I run after the guy, who was trying to cross Ormond Quay, but thanks to him trying to avoid getting driven over I catch and grab him by the chest. He drops my phone, not sure if hoping I’d let go or because he struggled; his partner then punches me in the face and screamsfor me to let him go, my glasses and my hat fall on the sidewalk, and the two guys run away.

I pick up the glasses, put my hat back on and check on the phone, it’s ringing, it’s the cab driver. One passer by actually stops to ask me if I’m okay and if I got my phone, I’m afraid I ended up being rude to him, but I was quite shocked. The cab driver has been the most understanding, I walked away from him instead of toward, but he caught up with me, and got me safely back home. I probably should have reported this but at the time I couldn’t think, and now it would be useless.

Speaking with Security tonight I realized how stupid it has been of me to run after the guy, I should have just turned back, asked Andrea to call them to pick me up and track the phone. They could have had a knife, a rock or even just any other blunt object.

I got lucky, again… it’s not the first time, I sure hope it’s not going to be the last time (although I’d like not to need to be lucky). But sure I don’t want to stray to the North Side too often.

There is no need to tell me I was totally stupid and irresponsible, I know that. On the other hand, I can say now that I’m happy Apple decided to address the phone theft problem in a non-obvious way.

No, TouchID is not better than a PIN. No, it does not resist against even shallow targeted attacks.

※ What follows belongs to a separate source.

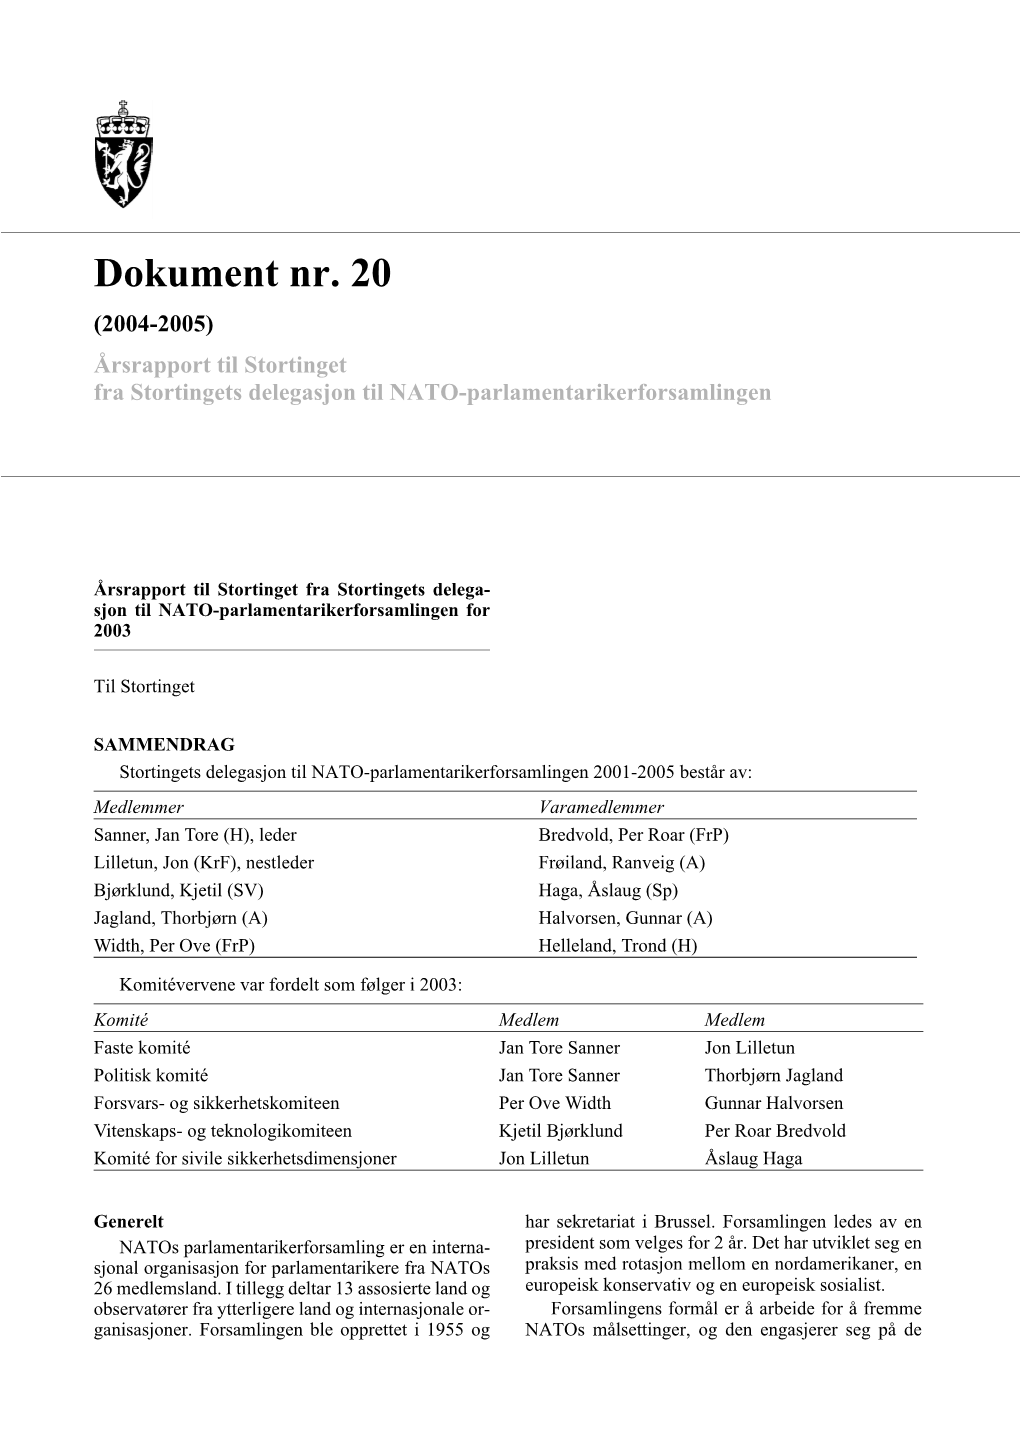 Dokument Nr. 20 (2004-2005) Årsrapport Til Stortinget Fra Stortingets Delegasjon Til NATO-Parlamentarikerforsamlingen

No, it does not protect you against police forces — why should it?

But it’s more convenient than a PIN, and people who wouldn’t even use a PIN (let alone a stronger password) because of the inconvenience are likely to rather consider using TouchID. And while again this will not protect you against self-indictment (again, why should it? — yes if it wasn’t clear enough, I’m usually trusting the police more than your average paranoid), the standard city thief wouldn’t have much use of a locked phone, beside as parts.

As long as the news goes around that phones can’t be unlocked and their value on the black market goes down, the amount of thieveries will go down.

So instead of blaming Apple for not addressing your concerns of a paranoid geek (concerns that, at this point, were addressed a long time ago and the solution for was not invalidated), think about what they are really trying to solve.